Meskipun cukup banyak pengetahuan lokal yang terdapat di Desa dan disekitar kawasan Hutan Kemasyarakatan, namun belum dilibatkan dan diangkat
masuk dalam kelembangaan HKm. Kelembagaan yang dekat dengan pembangunan HKm adalah Kelompok Tani Hutan, Forum HKm dan Lokaq.
Sementara itu, kelembagaan seperti Besiru, Bebangar dan Hijiban merupakan pengetahuan lokal yang terbatas sekali pelibatannya dalam pembangunan HKm.
Demikian juga keadaannya dengan Sawen yang memiliki perani besar dalam pengelolaan hutan tidak dilibatkan dalam pembangunan HKm
Masyarakat belum mampu merevitalisasi pengetahuan lokal tersebut masuk dalam kelembagaan HKm.

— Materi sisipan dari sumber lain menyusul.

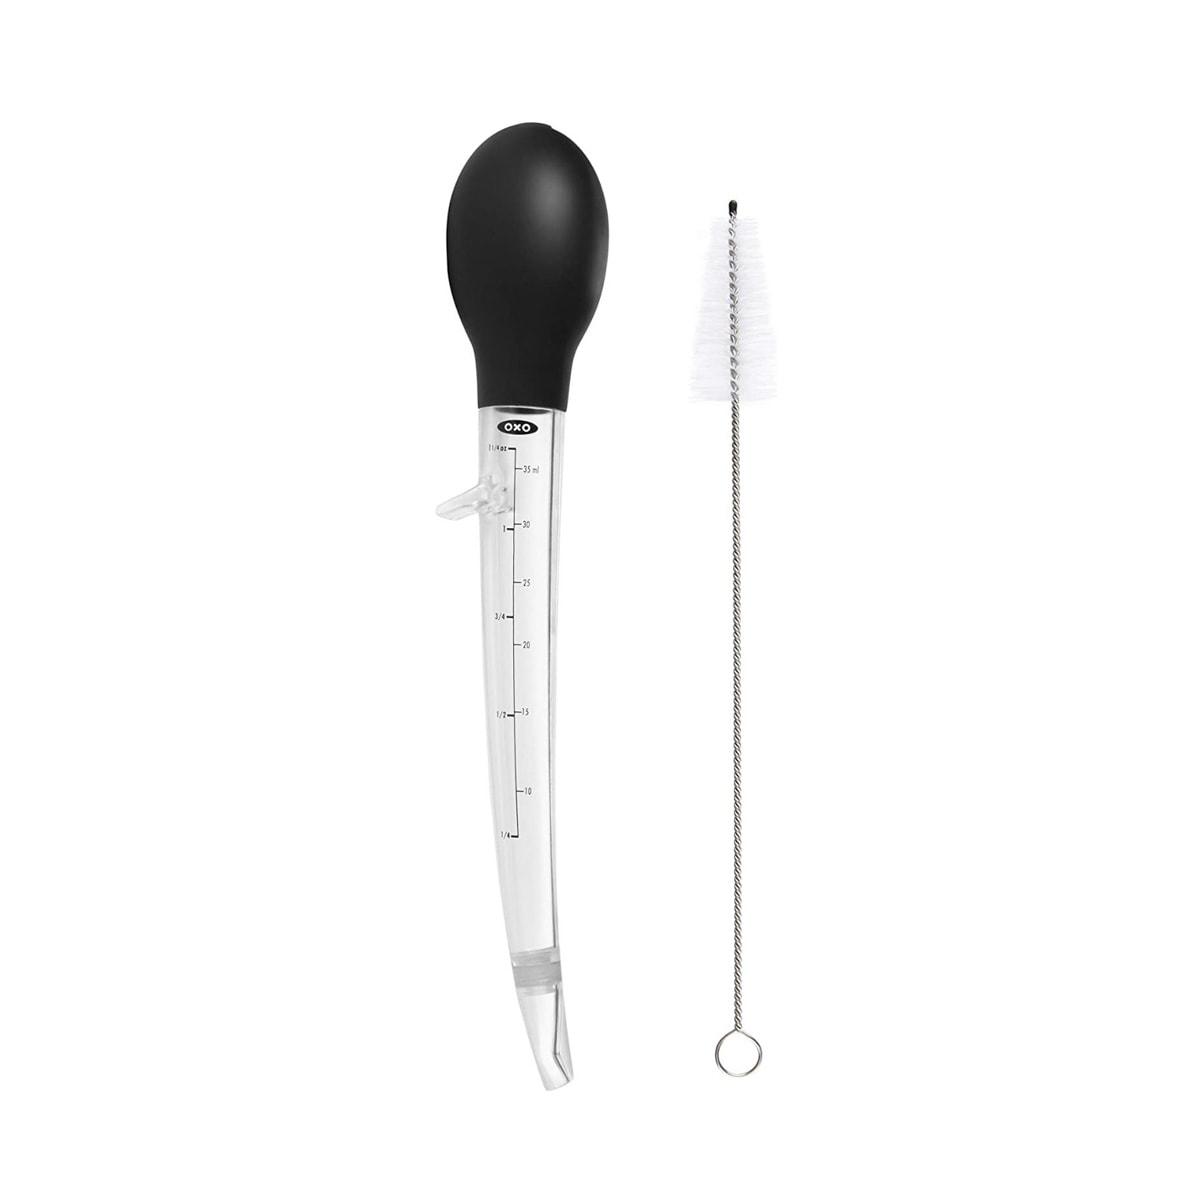 Turkey baster and cleaning brush.

Masyarakat lebih terfokus dalam pertimbangan-
pertimbangan rasional dan dijadikan sebagai konsensus ataupun aturan main yang sering diselogankan dengan istilah awik-awik. Situasi ini terbangun tidak terlepas
dari peran pendamping masyarakat baik dari dinasinstansi, perguruan tinggi dan LSM. Aturan main sering berpihak sehingga membangun konflik horizontal dan
vertikal. Sebagai kasus bahwa aturan main yang berpihak pada masyarakat miskin dan tidak memiliki areal produktif, menyebabkan kelompok masyarakat lainnya
yang tidak diakomodir haknya dalam HKm melakukan perambahan dan menamakan dirinya HKm Non Program Kasus HKm Seaaot.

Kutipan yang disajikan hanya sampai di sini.